Today, the survival rate for lymphoblastic leukemia of the sort Zoe has battled is close to 100 percent in the U.S., Shad said, while survival rates for lymphoma are between 80 and 85 percent.

"Overall survival in the United States, taking all cancers across the board, is somewhere between 80 and 85 percent today," she says.

What families should know

It's these optimistic statistics that Shad says she likes to bring up first when talking to families who have just received a cancer diagnosis for their child.

"The first thing is to address the myth that cancer is incurable, because in most cases children survive their cancers," she says. "You have to start on the positive trajectory with the families right there."

Another thing Shad believes all families should know is that they are not alone — there are many families fighting childhood cancer and families should ask their oncologist to help connect them with support groups and programs like those Zoe enjoyed.

Lastly, "There is no such thing as a stupid question," Shad says. "When a parent asks a question, it is an important question for us to answer. That should be the philosophy in a pediatric cancer program."

That whole approach, Shad says, is driven by the fact that pediatric cancer patients are children, and you can't treat children as if they are just smaller adults.

"Kids have to remain kids," she says. "Our struggle is to keep them feeling like kids doing the normal stuff that kids do, while we are treating them for a life threatening illness."

Life as a kid

For Zoe, life has become more and more that of a typical kid as of late.

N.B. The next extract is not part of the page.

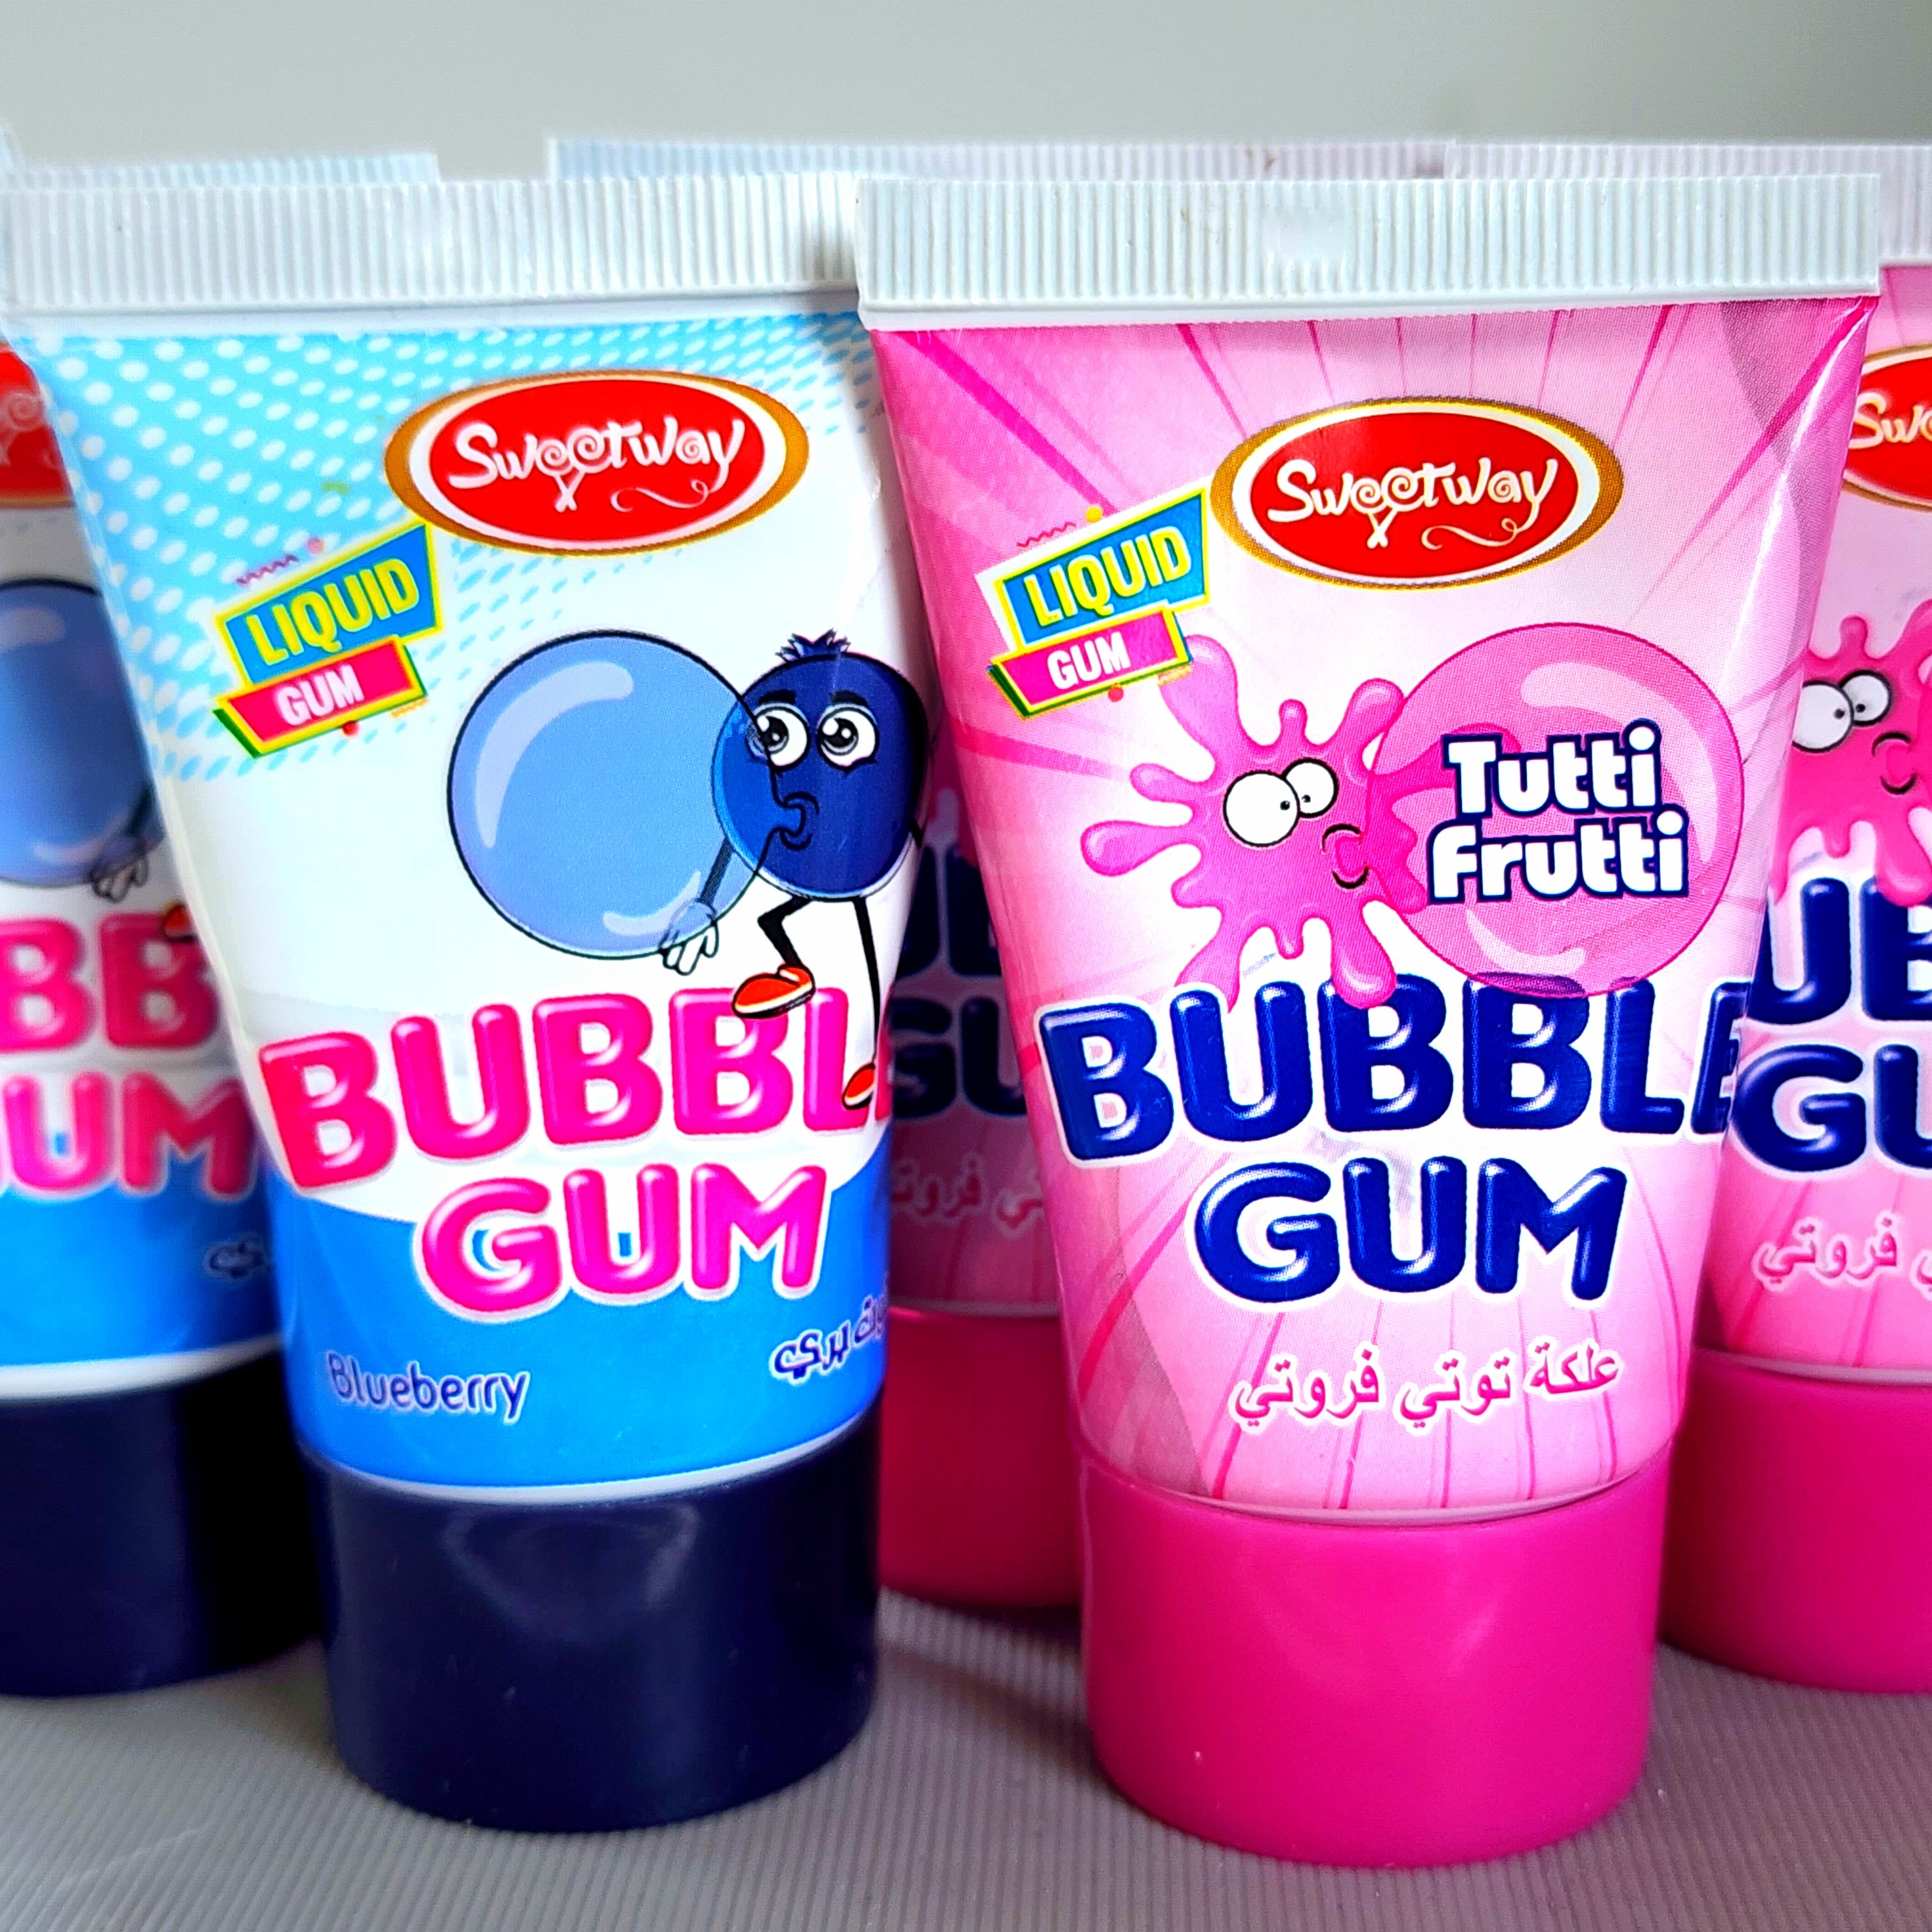 Sweetway Liquid Bubble Gum Tubes - Pik n Mix Lollies NZ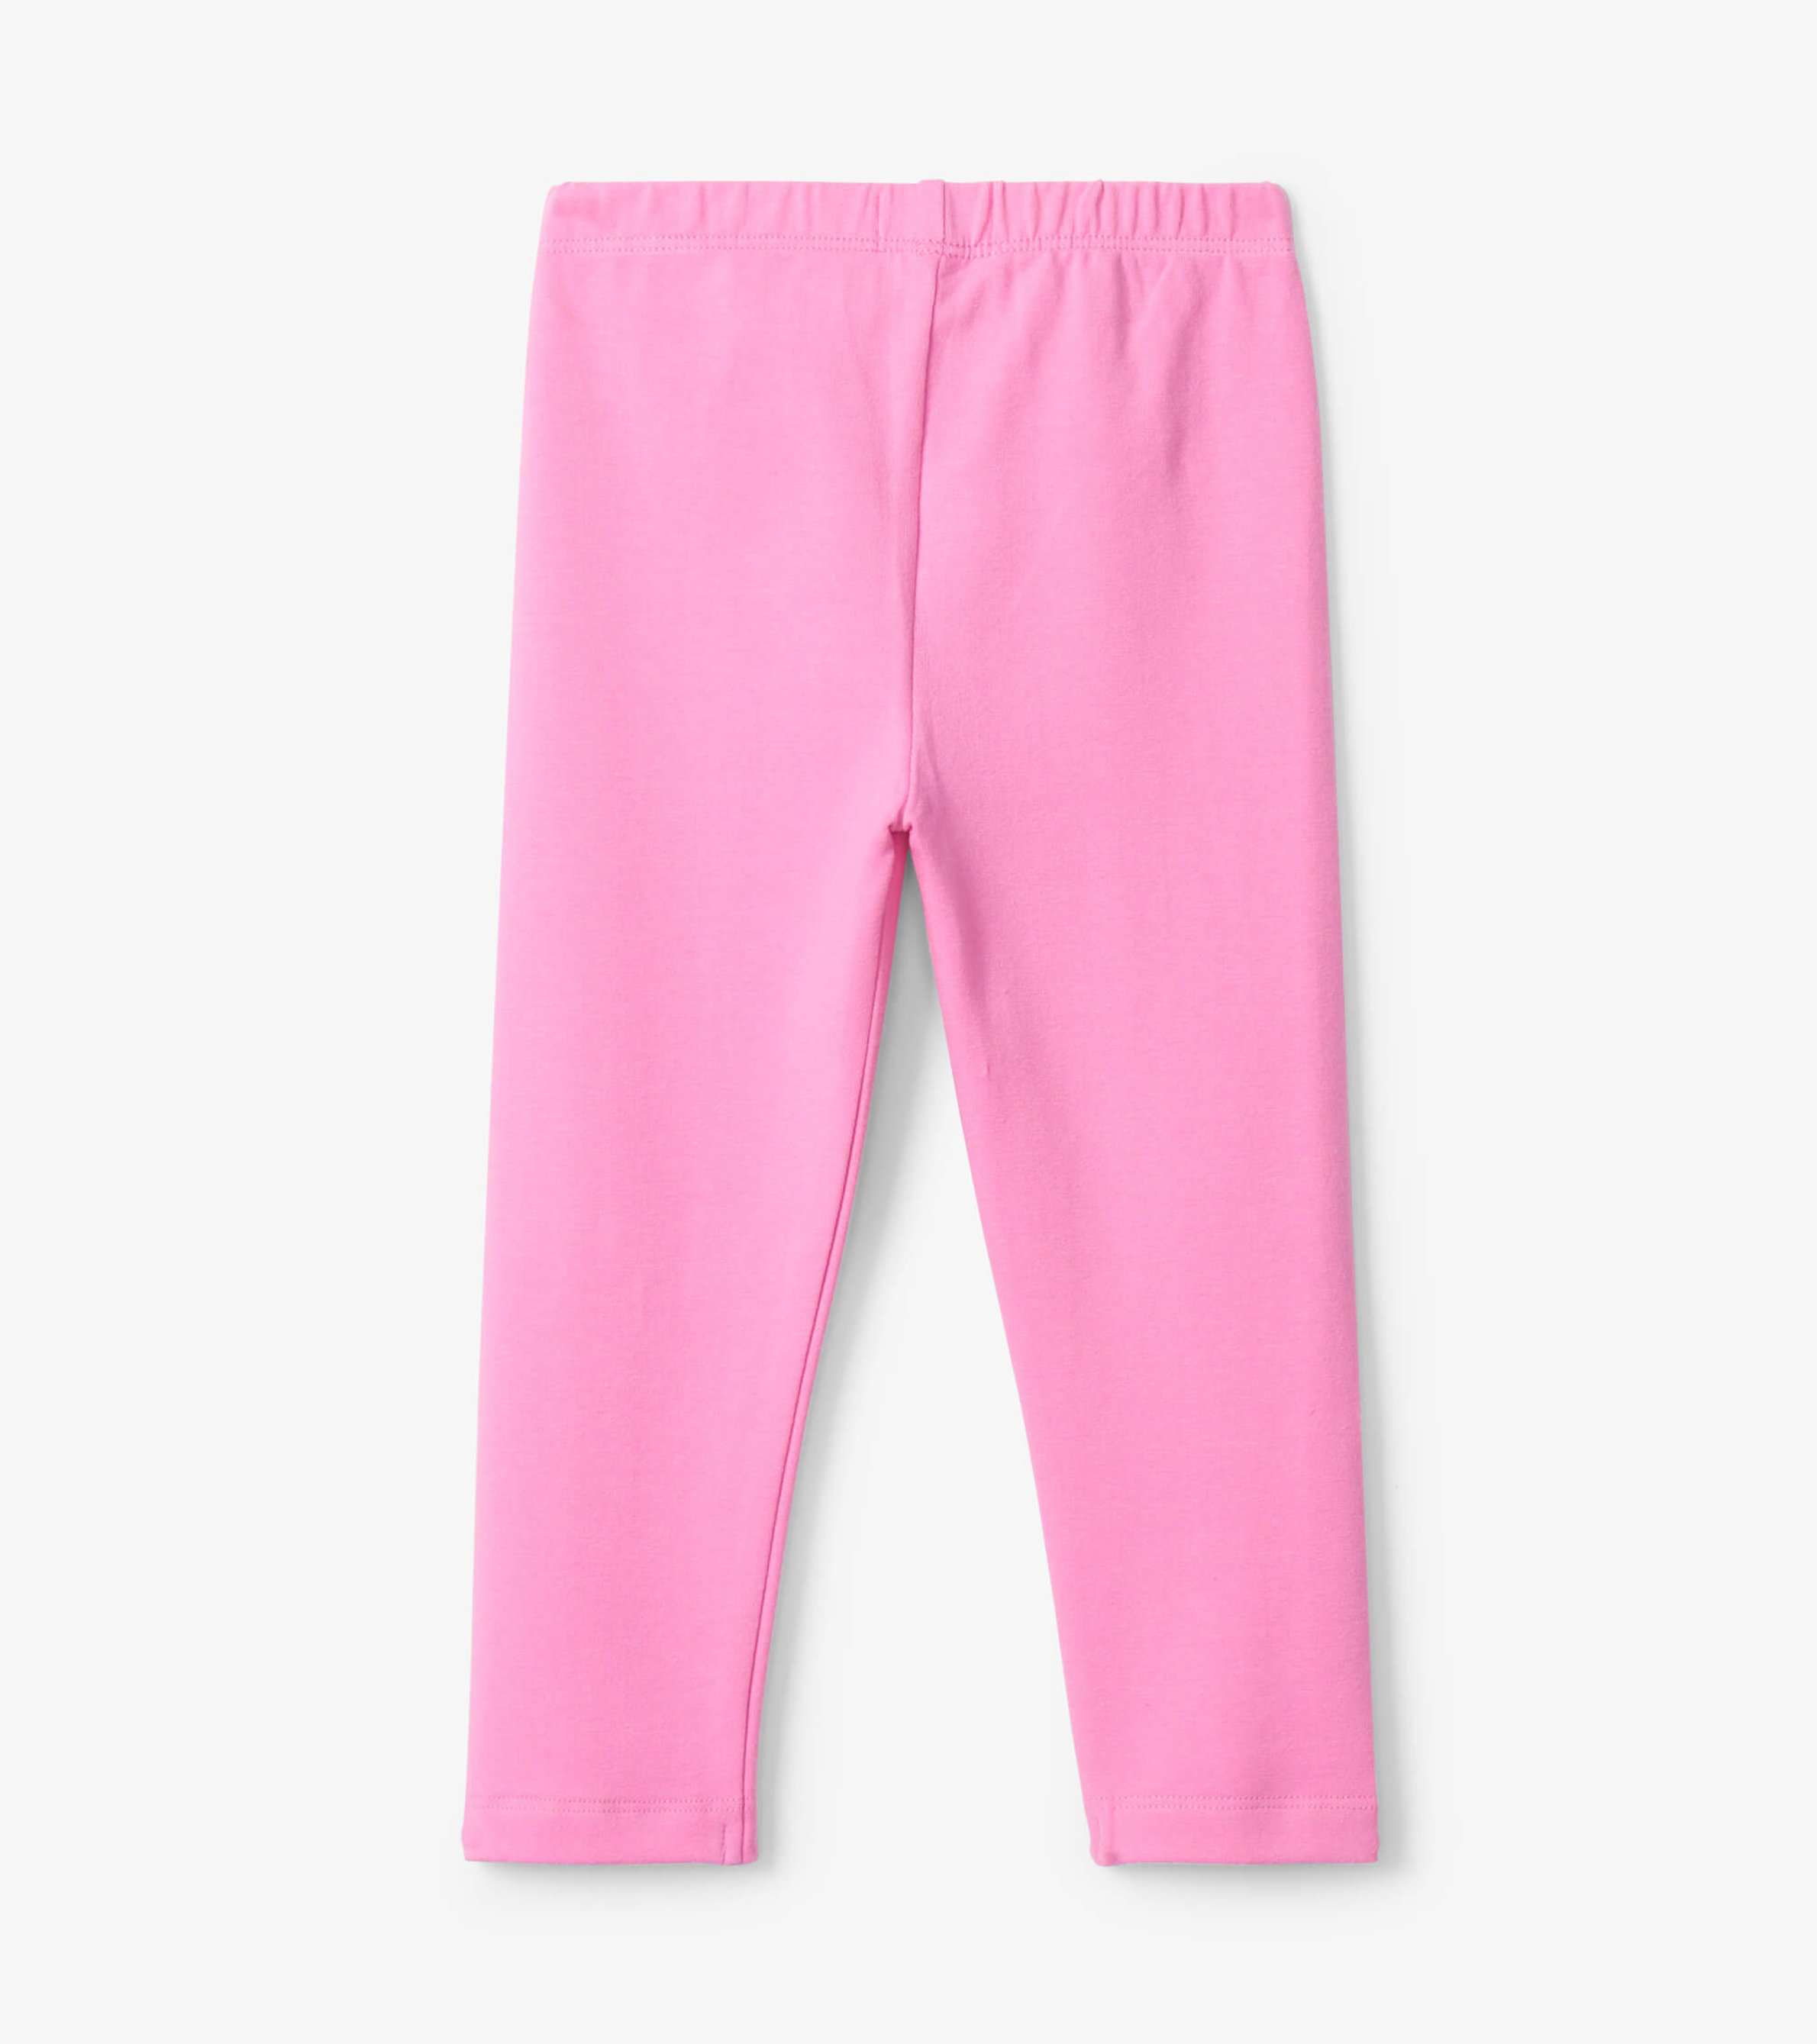 FOLIOSA Girls Leggings Light Pink Heart Tights Trousers for Kids

"She is in the maintenance phase of treatment at this point," Lyndsey Stauch says. "Life is as normal as it potentially can be while you are still in treatment."

Zoe has her photographs to take and a Disney World trip to take. Then, in January, the Make a Wish Foundation is sending Zoe and her parents on a trip to Hawaii — she wants to drink out of a coconut.

But what Zoe and her parents are most looking forward to is the date of Feb. 25, 2018. That's the date she takes her last dose of chemotherapy.

"To say we are excited for the end is an understatement," Lyndsey Stauch says.

At the same time, she says, there will always be that bit of parental anxiety, wondering if the cancer could come back: Zoe will continue going down to Sinai for checkups — monthly, quarterly, eventually annually — for the rest of her life.


"Somebody said to me or us when she was first diagnosed there is the BC and the AC: Before Cancer and After Cancer," Stauch says. "It's always going to be a part of our life."